Si, à l’image de bien d’autres cinéastes roumains, Radu Muntean égratigne à plusieurs reprises son pays d’un humour noir bien corsé (Iordache, immigré en Suède, n’y survit que grâce à quelques heures de plonge et à la bienveillance d’Inga, une femme visiblement plus… âgée), il a tenu ici à resserrer son scénario sur l’échelle de l’intime. Le bonheur parfait n’existant pas, Muntean a qui plus est l’art de mettre le doigt là où ça fait mal. Malgré tous les serments, ne se marie-t-on pour le meilleur (l’amour, la tendresse, les enfants) et pour le pire (les belles mères, les mensonges, les insultes vachardes)? Chaque séquence réunissant Bogdan et Smarandra fonctionne de ce fait comme autant de grains de sable venant enrayer la mélodie du bonheur qui semble pourtant flotter au-dessus d’eux. Comme si ces deux-là s’étaient déjà engouffrés à leur insu sur la mauvaise pente de la vie à deux : lorsque les visages, fâchés, se crispent au moindre désaccord, à la moindre contrariété, et qu’il s’agit de défendre bec et ongle son bout de gras pour avoir raison. Parfois jusqu’à l’absurde. Poursuivre sa conjointe jusqu’aux toilettes pour avoir le dernier mot (!) nous a semblé être une technique d’intimidation particulièrement vicieuse.

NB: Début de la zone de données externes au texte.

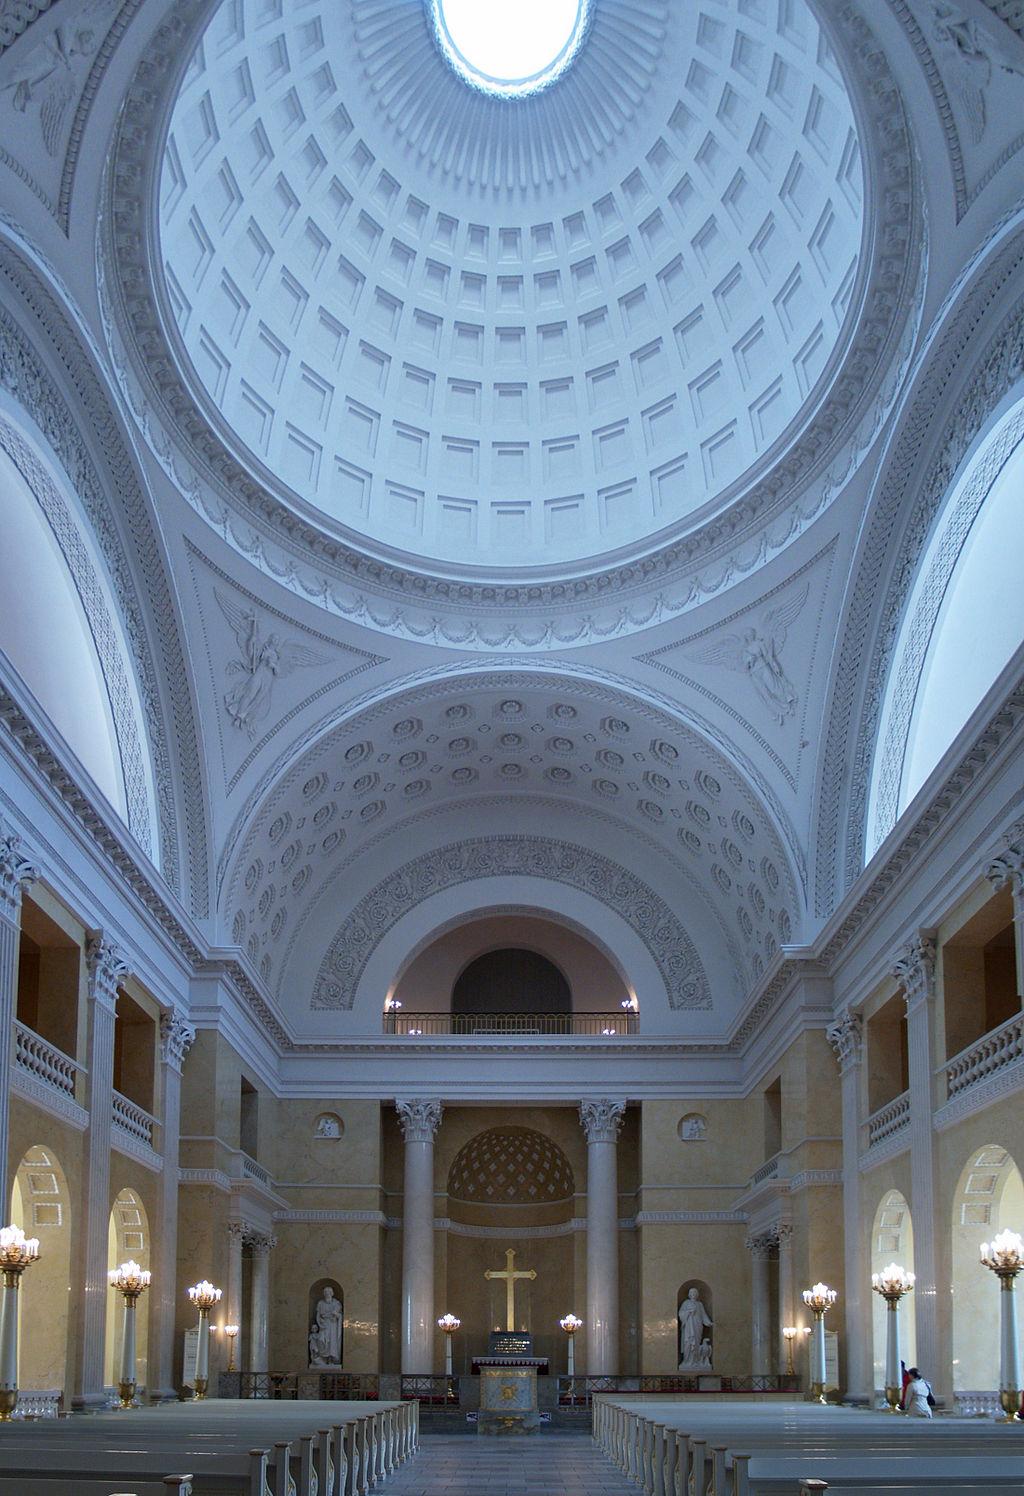 C.f.hansen, christiansborg palace church

Lucide, Radu Muntean nous rappelle que le désir de faire un (le ciment du couple amoureux) se double d’une menace de désubjectivation. Visiblement mère au foyer, Smarandra paraît terrifiée à l’idée de se voir réduite au rang d’«épouse aigrie ». Optant pour la régression le temps d’une nuit, Bogdan/Boogie se pose lui aussi des questions d’image et d’accomplissement . Magistral moment de mise en scène, la dispute centrale du film laisse éclater cette fragilité identitaire tapie à l’intérieur de chacun. Le lendemain matin, chacun ravale sa fierté sans vraiment pardonner à l’autre. Le bonheur en famille peut néanmoins renaître. Après tout, se faire de scènes et se porter des coups bas n’est peut être qu’une règle nécessaire au jeu amoureux, « l’exercice d’un droit, la pratique d’un langage [commun]; qui veut dire : jamais toi sans moi ».